**Dataset excerpt:**
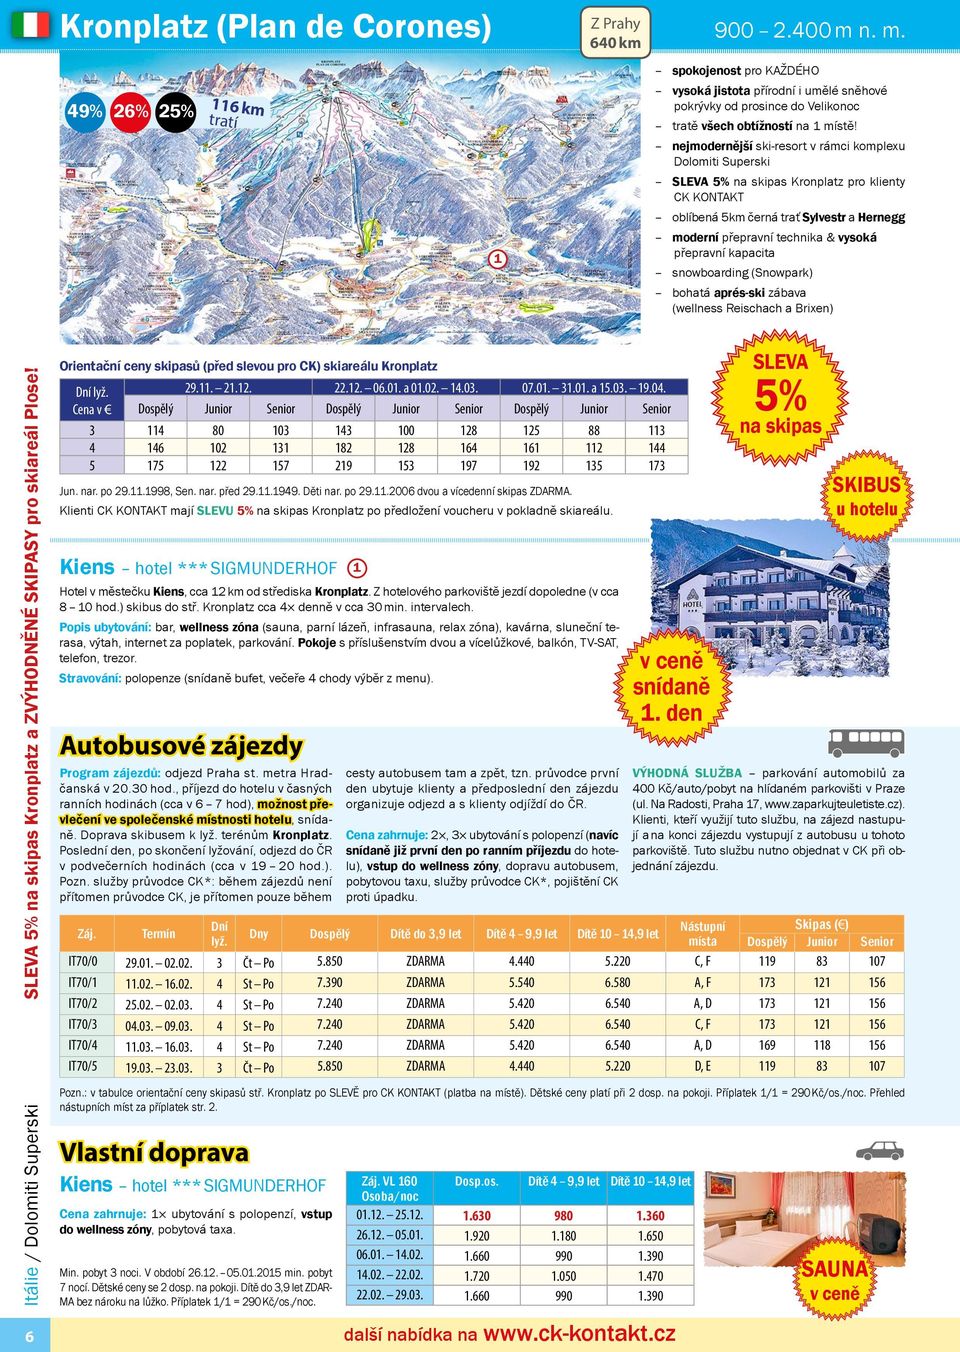 nejmodernější ski-resort v rámci komplexu Dolomiti Superski SLEVA 5% na skipas Kronplatz pro klienty CK KONTAKT oblíbená 5km černá trať Sylvestr a Hernegg moderní přepravní technika & vysoká
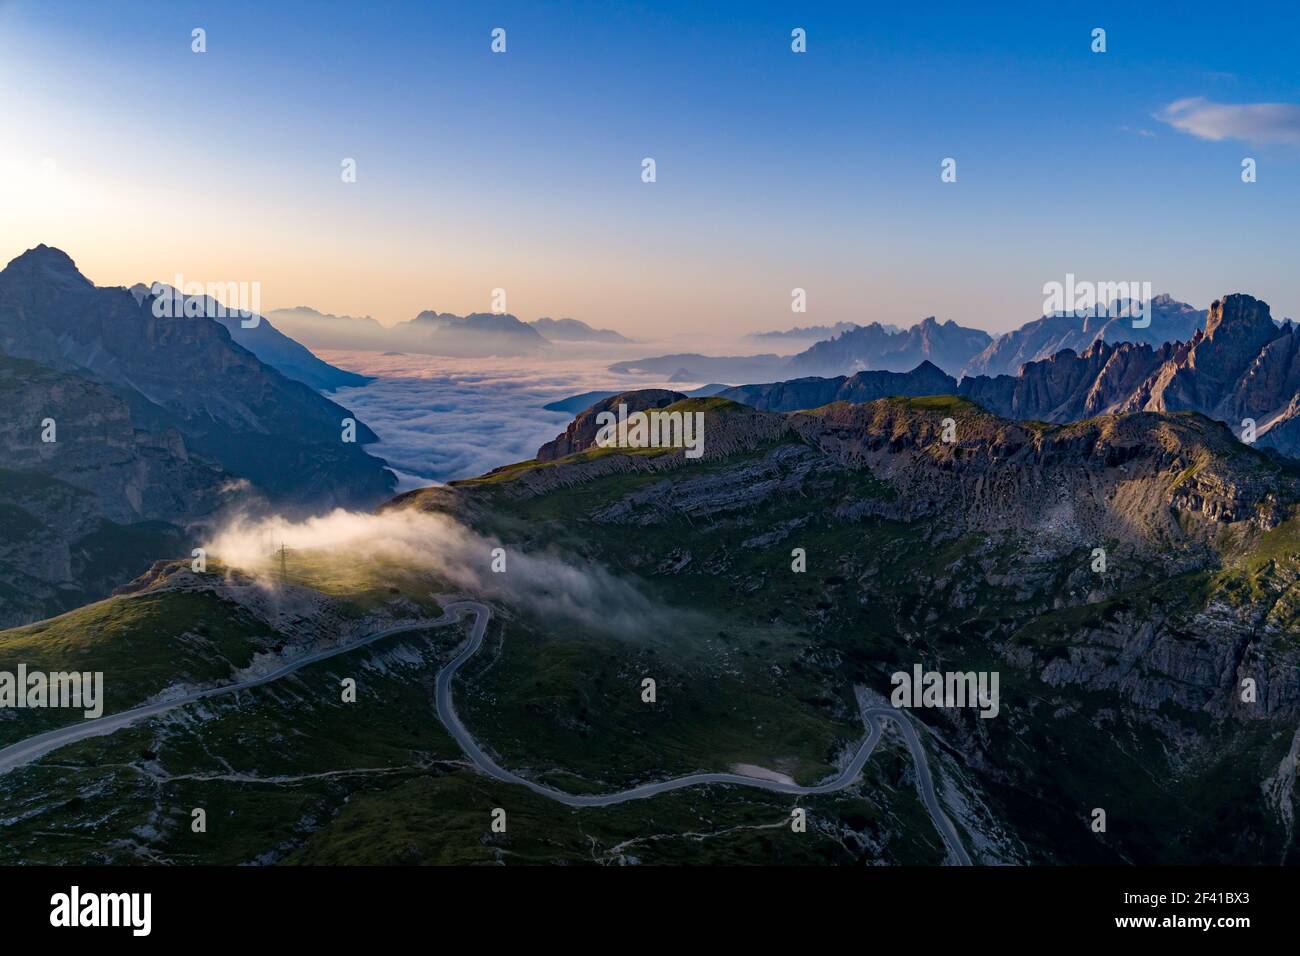 Nationalpark Drei Zinnen in den Dolomiten Alpen. Schönen natur von Italien. Antenne FPV drone Flüge bei Sonnenuntergang Stockfoto
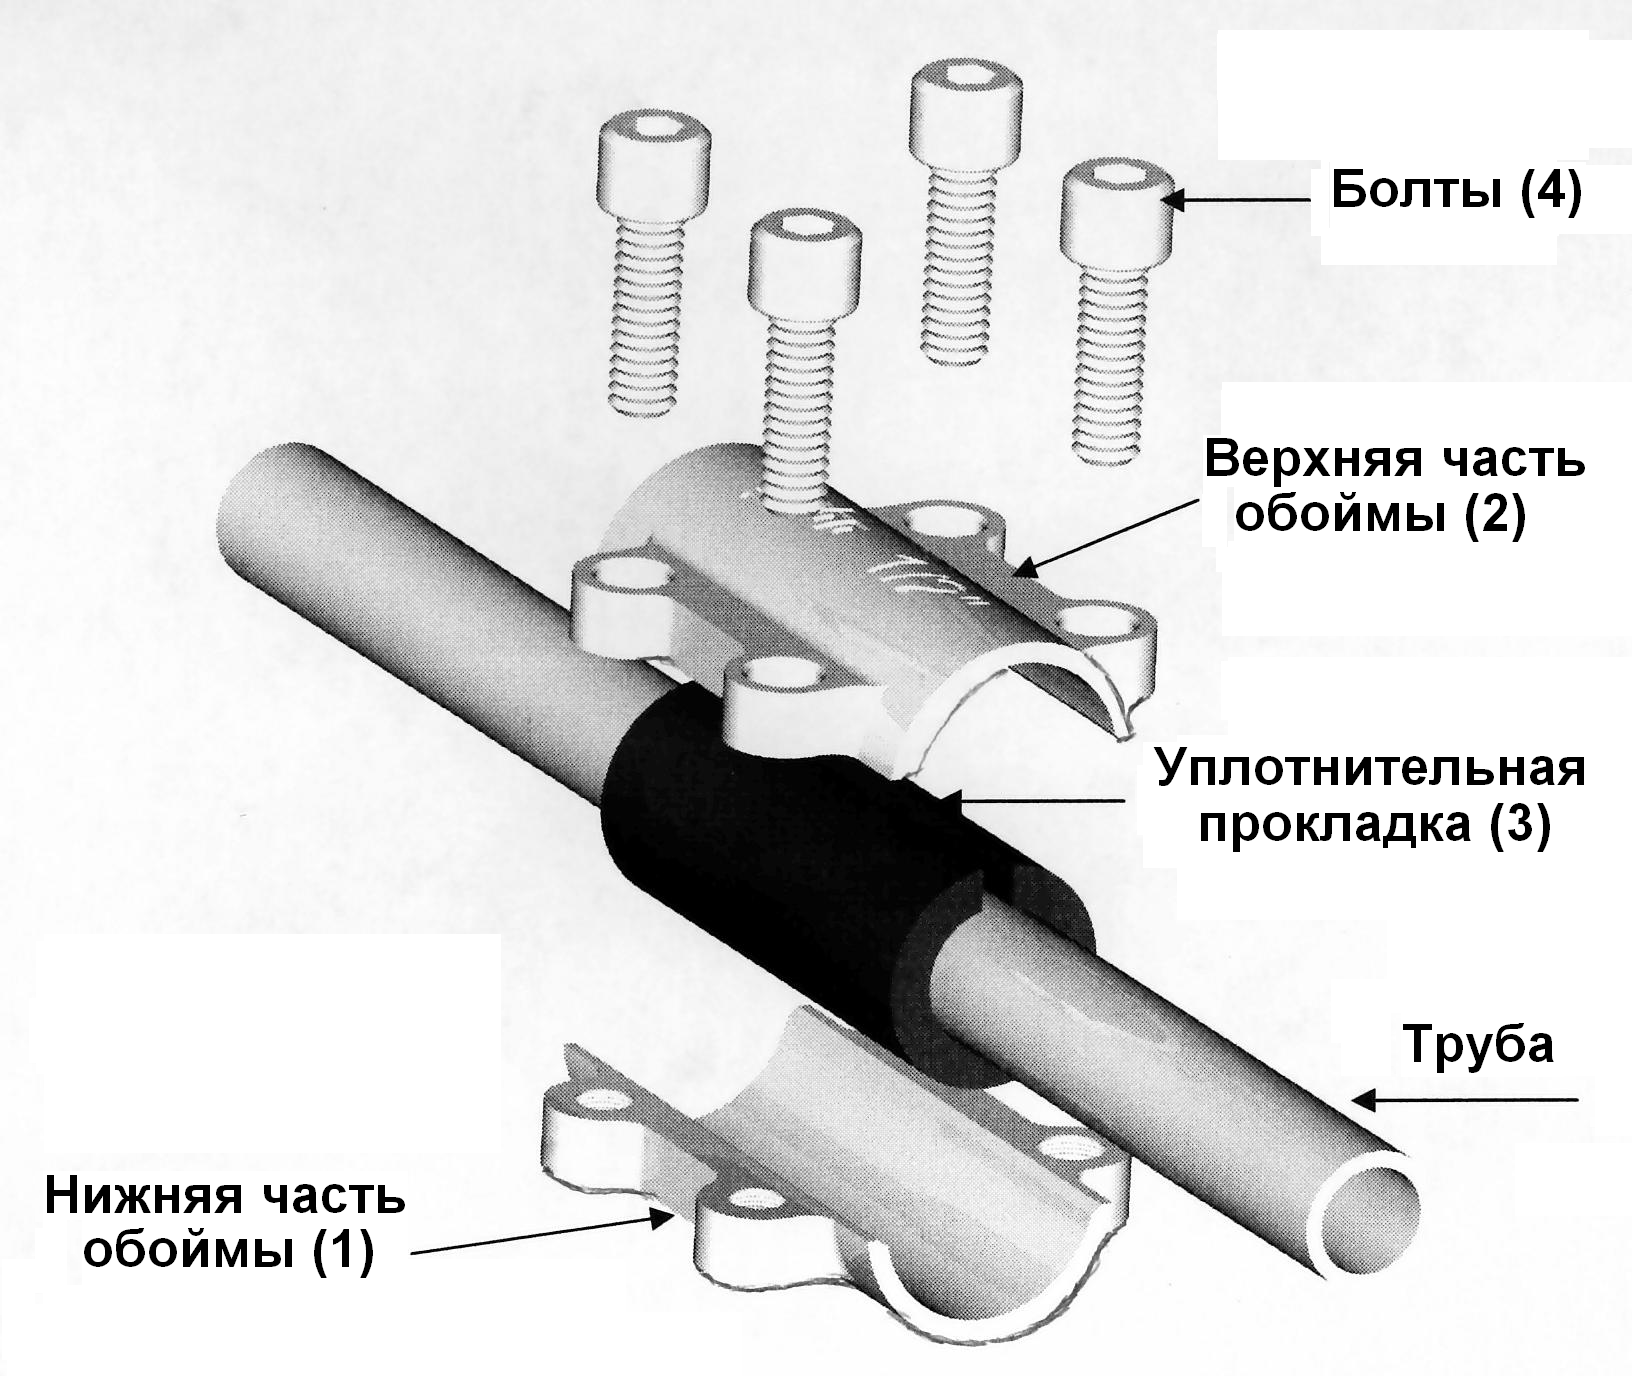 Материал для соединения труб. Обойма ремонтная Gebo DSK 1/2". Соединение металлических труб без сварки и резьбы. Ремонтная муфта для полипропиленовых труб 1/2. Схема соединения стальных труб на резьбе.

**Activity:** Print all the lines above exactly as they are, but without the pictures.

**Response area:**
 nejmodernější ski-resort v rámci komplexu Dolomiti Superski SLEVA 5% na skipas Kronplatz pro klienty CK KONTAKT oblíbená 5km černá trať Sylvestr a Hernegg moderní přepravní technika & vysoká
 Nationalpark Drei Zinnen in den Dolomiten Alpen. Schönen natur von Italien. Antenne FPV drone Flüge bei Sonnenuntergang Stockfoto
 Материал для соединения труб. Обойма ремонтная Gebo DSK 1/2". Соединение металлических труб без сварки и резьбы. Ремонтная муфта для полипропиленовых труб 1/2. Схема соединения стальных труб на резьбе.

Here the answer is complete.